Encopresis is when your child leaks stool into their underwear. It is also called stool soiling. It is most often because of long-term (chronic) constipation. Encopresis happens to children ages 4 and older who have already been toilet trained.
The Pediatric Surgery service at Mass General for Children is an international referral center for the complete spectrum of general and thoracic pediatric and neonatal surgical services.
What is encopresis?
Encopresis is when your child leaks stool into their underwear. It's also called stool soiling. It's most often because of long-term (chronic) constipation. Encopresis happens to children ages 4 and older who have already been toilet trained.
In most cases, stool soiling happens by accident. Encopresis can be very embarrassing for your child.
What causes encopresis?
In most cases, encopresis happens because a child has long-term (chronic) constipation.
When a child is constipated, they have fewer bowel movements than normal. Bowel movements can then become hard, dry, and difficult to pass. Your child may stay away from going to the bathroom because it hurts. Then stool becomes backed up (impacted) in the rectum and the large intestine (colon). The stool can’t move forward. The rectum and intestine become enlarged because of the hard, impacted stool.
Over time, liquid stool can start to leak around the hard, dry, impacted stool. This soils your child's clothing.
Other causes of encopresis include:
Colonic inertia, a condition where the colon doesn’t move stool along as it should
Nerve damage to the muscle at the end of the digestive tract (anal sphincter). This keeps it from closing correctly.
Fear of using the toilet
Rectal infections or tears
Other health problems may cause chronic constipation. These include diabetes, hypothyroidism, Hirschsprung disease, and inflammatory bowel disease.
Which children are at risk for encopresis?
Any child who has long-term (chronic) constipation may develop encopresis. Risk factors for constipation include:
Eating a high-fat, high-sugar, junk-food diet
Drinking mostly soft drinks and sugary drinks
Not drinking enough water and fruit juices
Lack of exercise
Not wanting to use public bathrooms
Feeling stressed with family, with friends, or at school
Being too busy playing to take time to use the bathroom
Having a change in bathroom routine. This includes starting a new school year, when a child has fewer bathroom breaks.
Encopresis affects boys more than girls. Experts don’t know why.
What are the symptoms of encopresis?
Each child’s symptoms may vary. Symptoms may include:
Having loose, watery stools
Needing to have a bowel movement with little or no warning, called involuntary stooling. Your child may soil underwear if they can’t get to the bathroom in time.
Scratching or rubbing the anal area, because it’s irritated by watery stools
Withdrawing from friends, school, or family
Hiding soiled underwear
Symptoms of encopresis may look like other health conditions. Always see your child's healthcare provider for a diagnosis.

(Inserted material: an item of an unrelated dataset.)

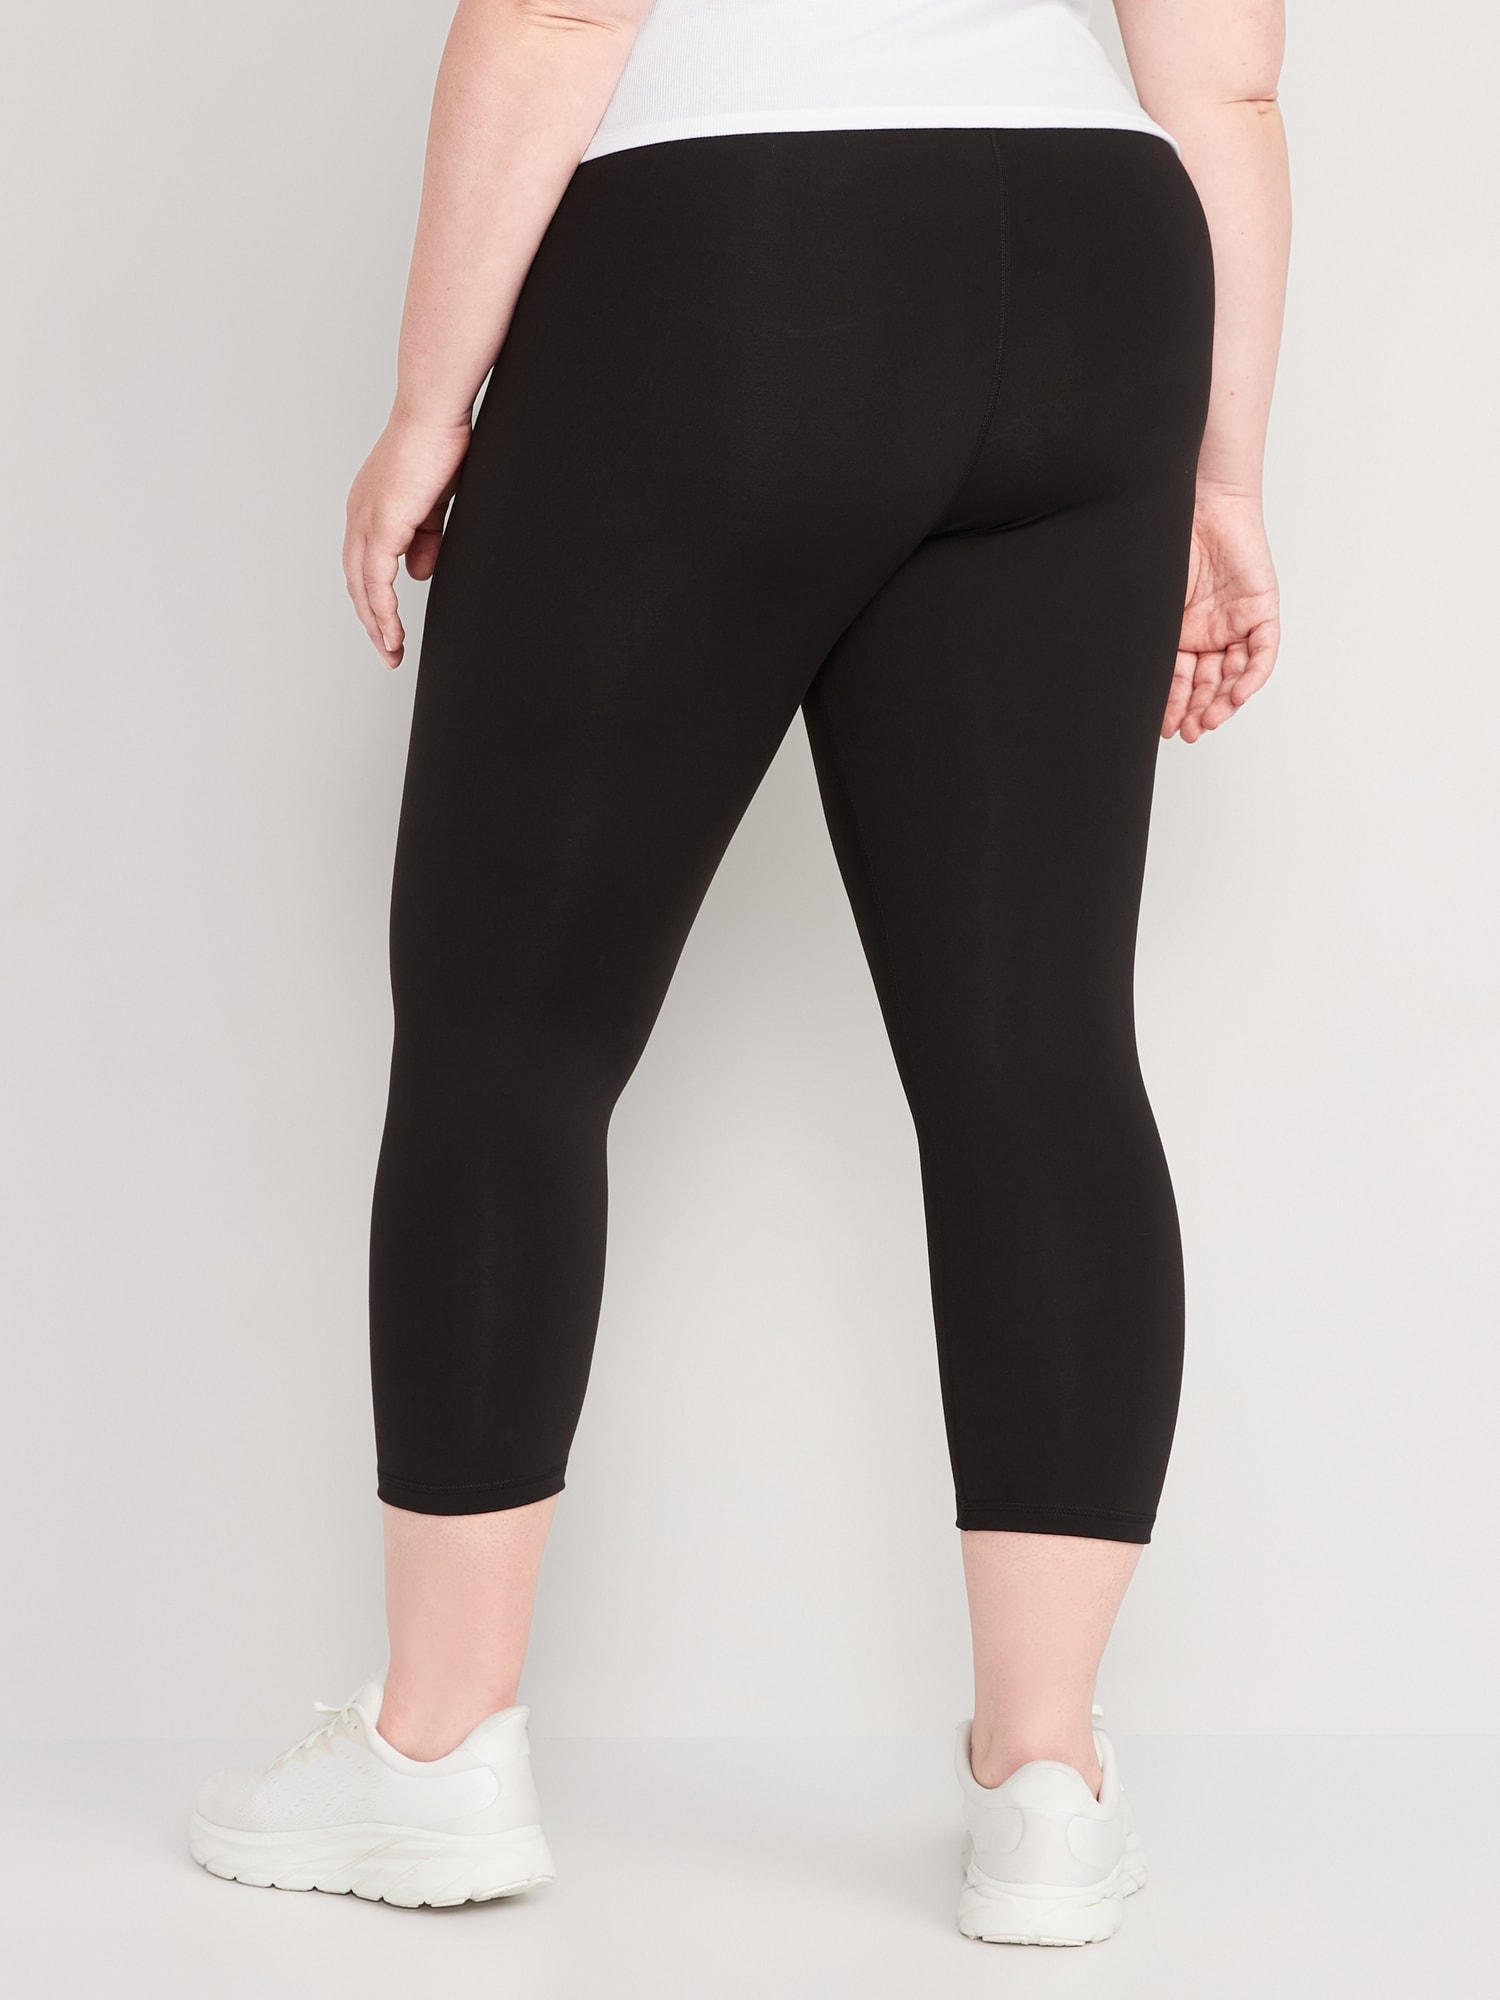 I got these @oldnavy high-waisted PowerPress leggings for $2.96! They're  actually better than some of my more expensive leggings. I hop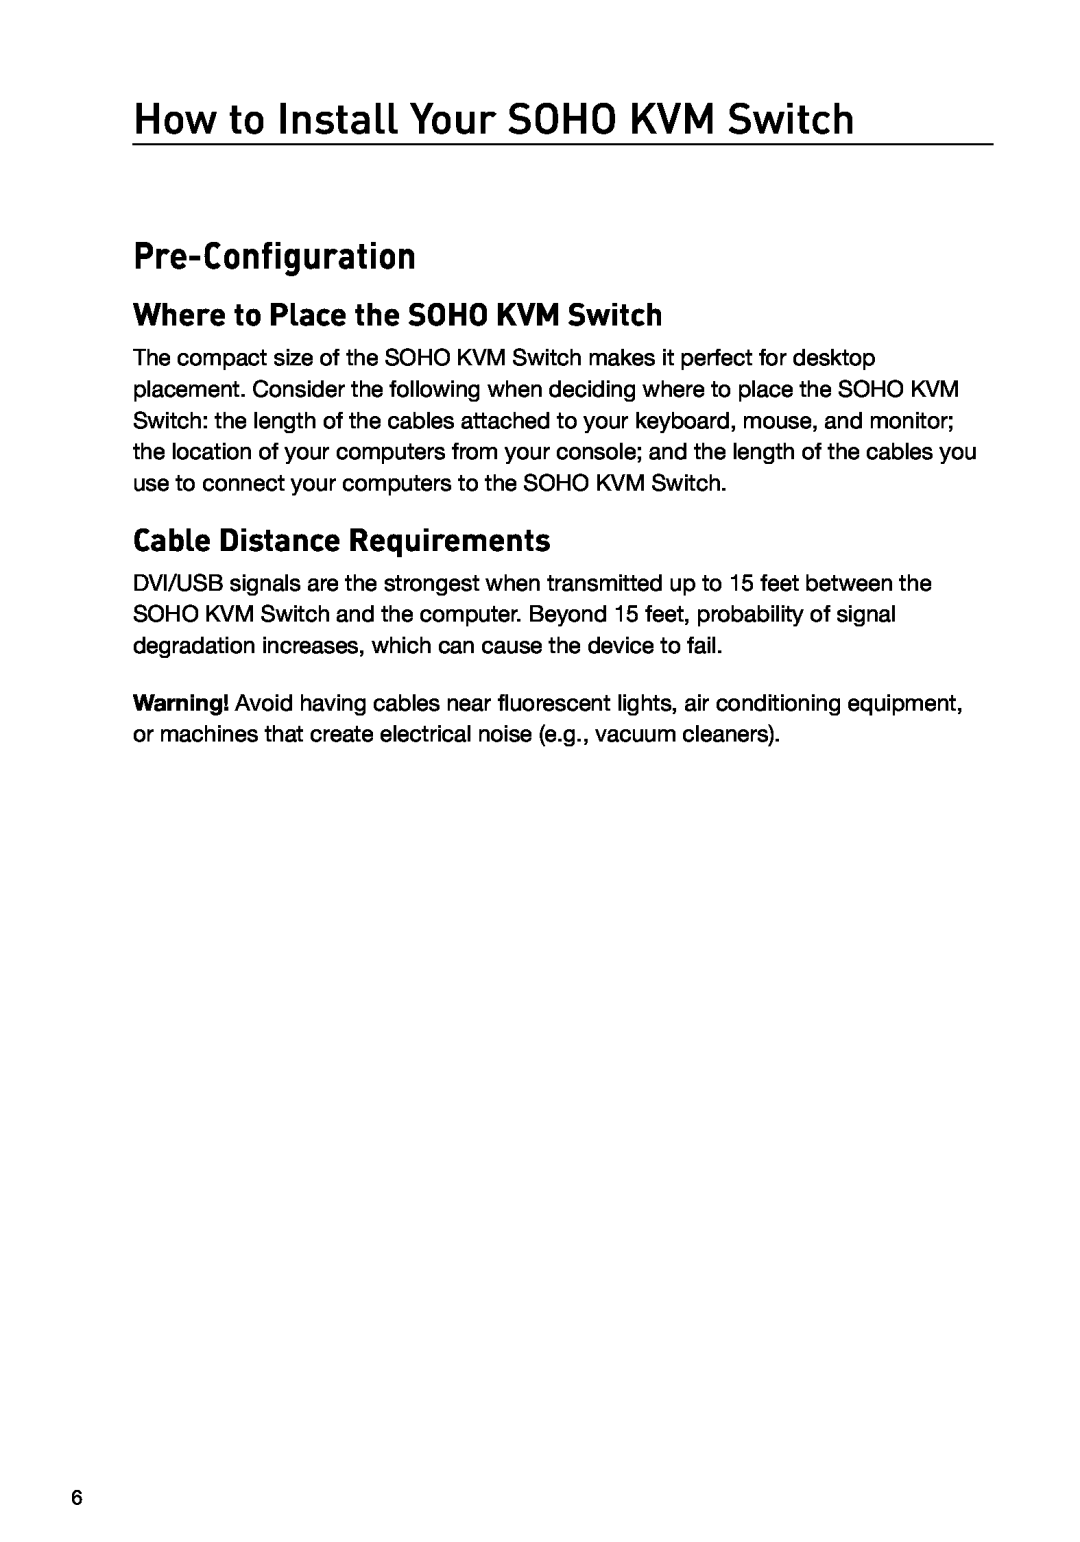 Belkin F1DD102U manual How to Install Your SOHO KVM Switch, Pre-Configuration, Where to Place the SOHO KVM Switch

How is encopresis diagnosed?
Your child’s healthcare provider will give your child an exam and take a health history. Imaging tests may also be done to check the intestine and rule out other health problems. These tests may include:
Abdominal X-ray. This test checks how much stool is in the large intestine.
Barium enema. This test checks the intestine for blockages or obstruction, narrow areas called strictures, and other problems. It uses a fluid called barium that shows up well on X-rays. Barium is put into a tube. It's inserted into your child’s rectum as an enema. Then the intestine is looked at with an X-ray.
How is encopresis treated?
Treatment will depend on your child’s symptoms, age, and general health. It will also depend on how severe the condition is.
Treatment for encopresis may include:
Removing the impacted stool
Keeping bowel movements soft so the stool will pass easily
Retraining the intestine and rectum to gain control over bowel movements
Your child’s healthcare provider may prescribe an enema to help remove the impacted stool. An enema is a liquid that is placed in your child's rectum. It helps loosen the hard, dry stool. Never give your child an enema without the approval of your child’s healthcare provider.
Your child's healthcare provider will likely prescribe medicines to help keep your child's bowel movements soft for several months. This will help stop stool from getting impacted again. Over-the-counter medicines may also help. Discuss which medicines are safe with your child's healthcare provider.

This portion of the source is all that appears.